Monday, December 02, 2013

Frankenchrist and Mankind v2.0

It has no doubt occurred to you that every monster you've ever seen in a movie is just man, or a symbol thereof. Frankenstein, Dracula, the Mummy, the Werewolf, the Invisible Man, the Creature from the Barack Lagoon (Chicago) -- each is just a symbol of what man is capable of.

We are all inhabited by monsters, otherwise we wouldn't recognize them. Hollywood depicts so many monstrous capitalists because these caricatures are a projection of liberal greed and envy. Greed and envy are interior monsters, but they haunt the exterior landscape of the left -- for which reason liberals always denounce someone else's greed, never their own.

You know what Barry says: "White folks' greed runs a world in need." Which begs the question, because why don't the victims of white greed just exercise their own? Then they can run the world.

But enough about ObamaCare.

Think of those classic monsters: Frankenstein, a grotesque experiment in living death, or of inserting the brain of a criminal into the body of a man; Dracula, a nocturnal predator who feeds on the substance of others and whose bite enlists one into his soul murdering cult; the Werewolf, who simply echoes the ancient truism that man is a wolf to man; the Mummy, a restless spirit swaddled in his decaying flesh; the Invisible Man, who can only be seen phenomenally but whose essence is nowhere; Obama, the cold, dead hand of collectivism calmly administering the anesthesia mask over your horror-stricken face.

Yeah, man is some piece of work, ain't he? Of this work-in-progess -- or regress, depending -- Berdyaev begins with the obviousation that he "is the meeting point of two worlds" -- although I think we need to widen this duality out into four dimensions.

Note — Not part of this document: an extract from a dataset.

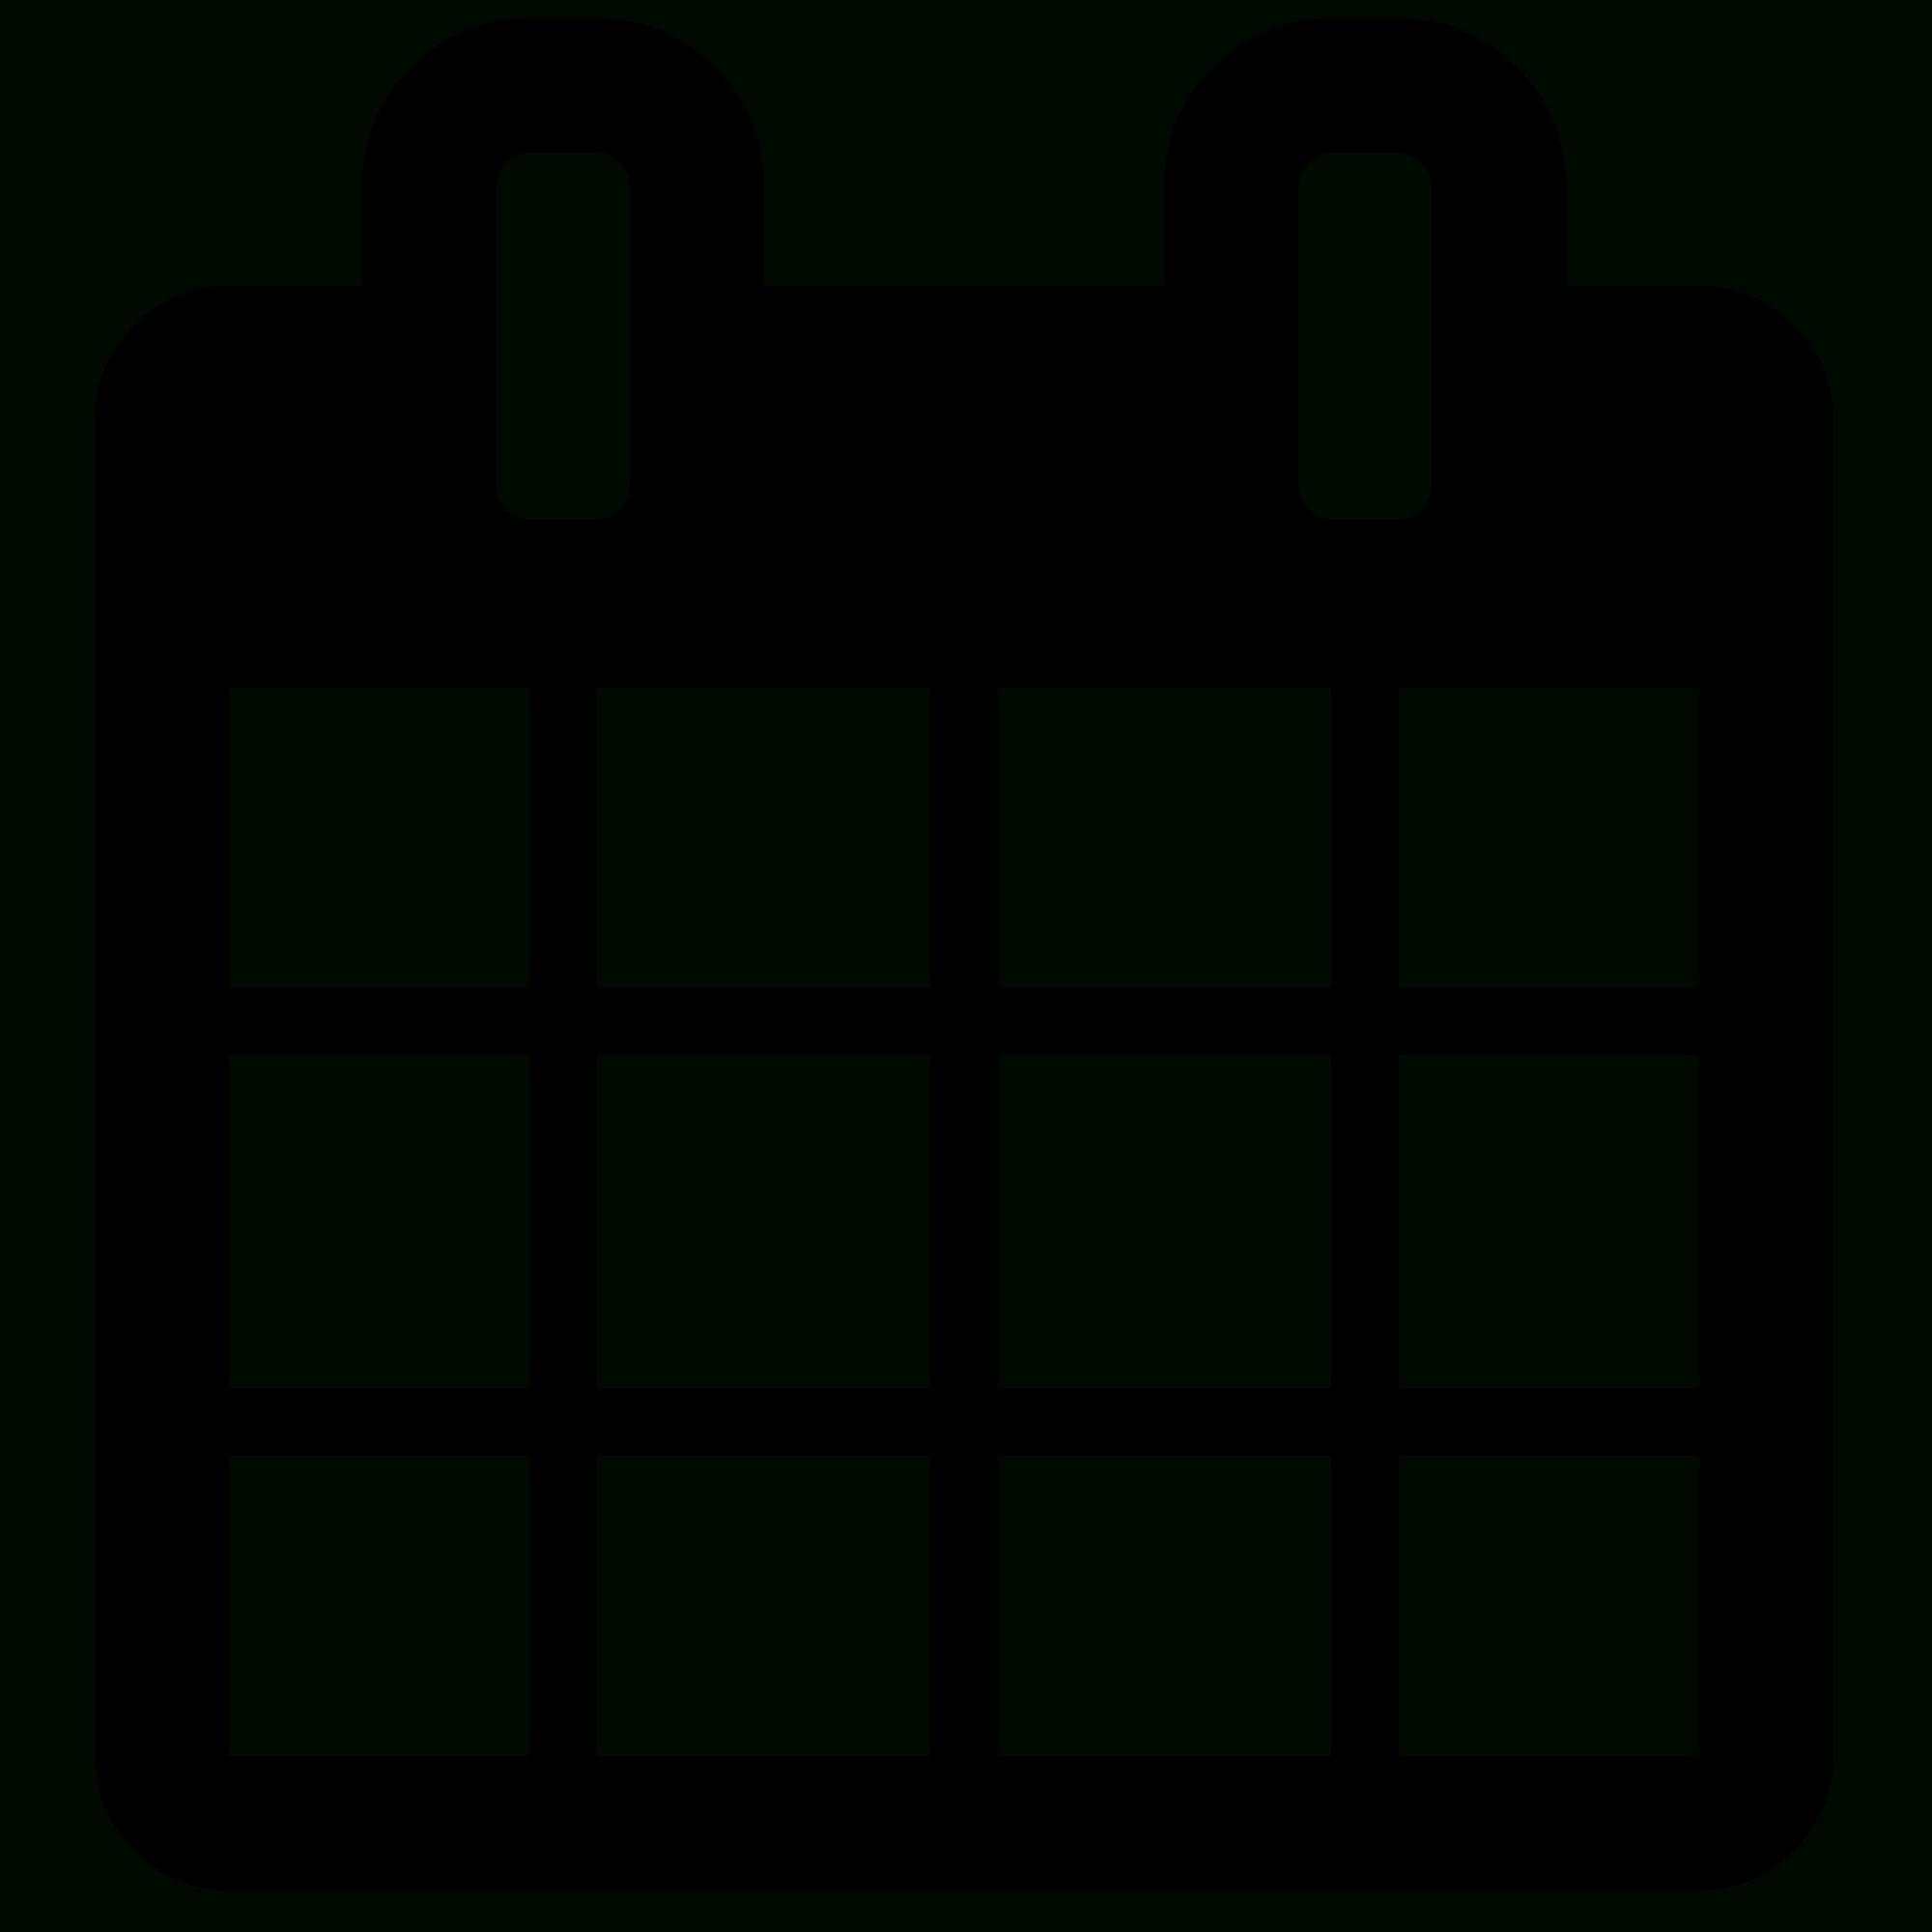 Now Available Online: The Academic Calendar 2019-2020 | Tu inside Tu Delft Calendar 2019 2020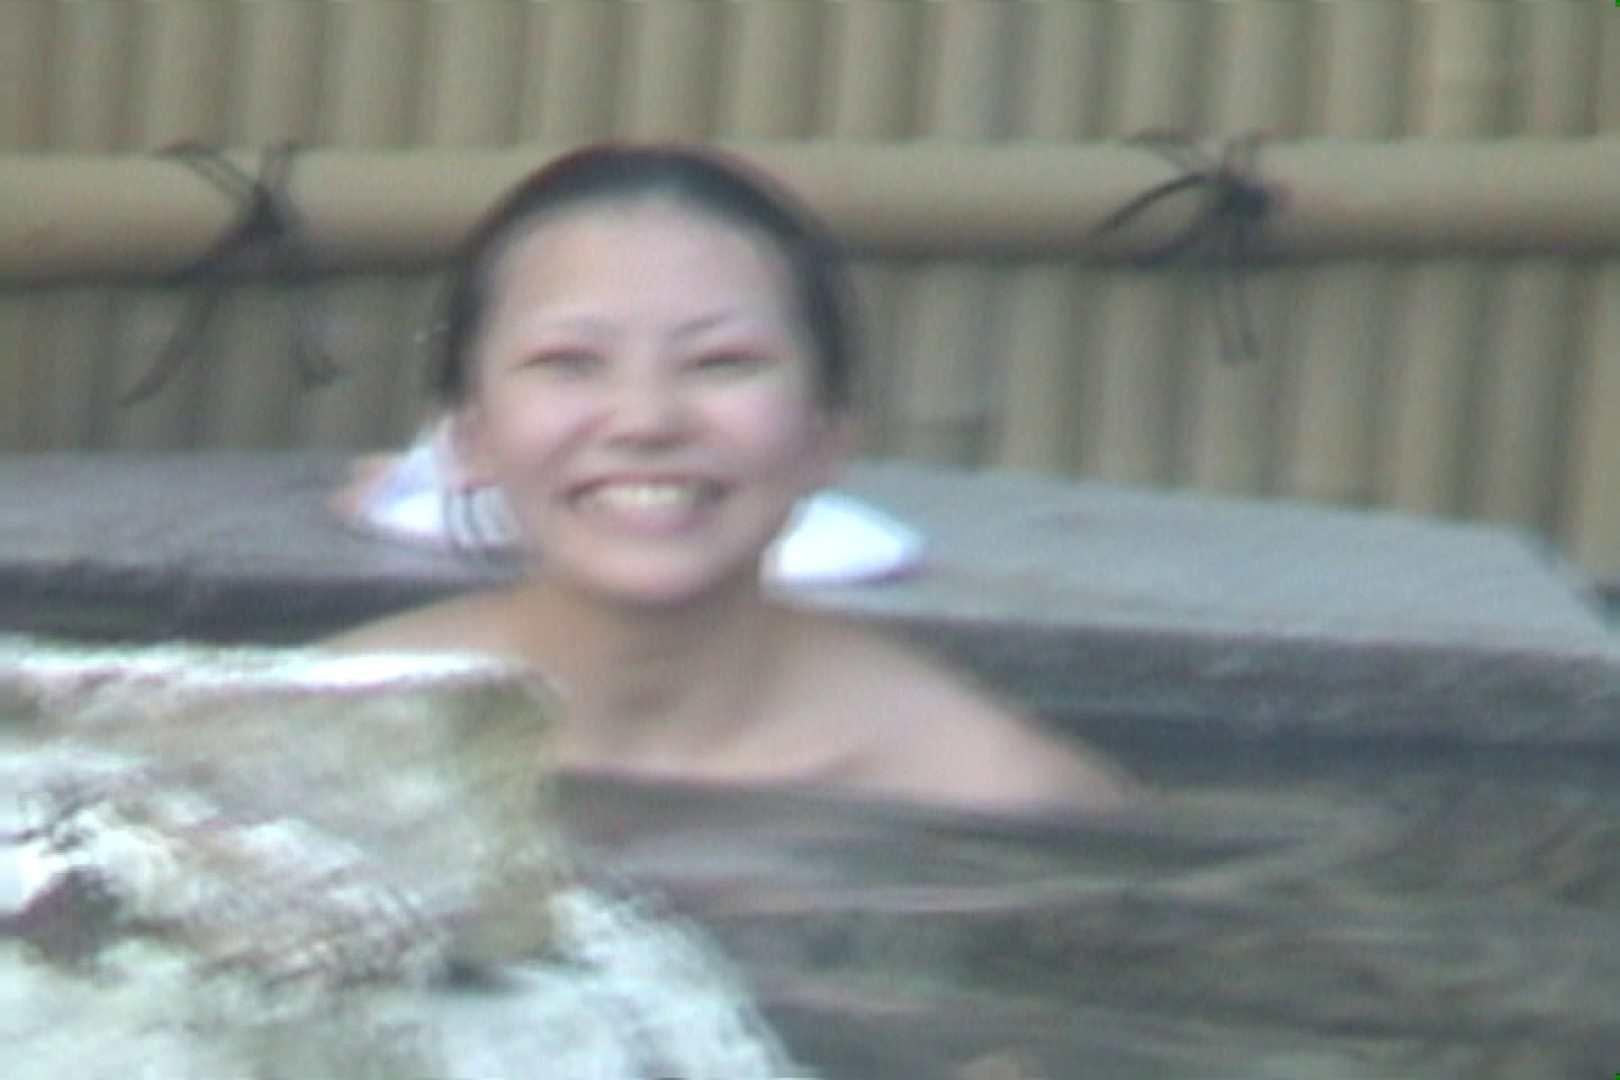 Aquaな露天風呂Vol.572 盗撮 | OLエロ画像  67PICs 25

In other words, just as the horizontal has a past and a future, the vertical has an up and a down. In nether worlds, a bad monster is the meeting point of an atavistic or barbarous man and the lower vertical -- which explains why no mere animal can be a monster, only a beast.

I suppose you could say that Jesus is another kind of monster, if we take that word literally, e.g., "something unnaturally marvelous," or "one who shows a deviation from the normal in behavior or character." Thus, Christology is really the last word in anthropology, revealing to us a divine-human attractor-destiny:

"Christianity recognizes the eternal significance and the eternal value of man, of the individual soul and its destiny." Thus, "the unique and unrepeatable visage of every man exists only because there exists the unique and unrepeatable image of Christ the God-man" -- in whom we see "the eternal image of every human being" (Berdyaev).

So, I suppose this means that man has the freedom to choose which kind of monster he will be, supernatural or subnatural. For "the very fact of man's existence is a break with the natural world.... As a being belonging to two worlds and capable of overcoming himself, man is a contradictory and paradoxical being, comprehending within himself diametric opposites," "capable of great love and sacrifice or of great cruelty and limitless egotism."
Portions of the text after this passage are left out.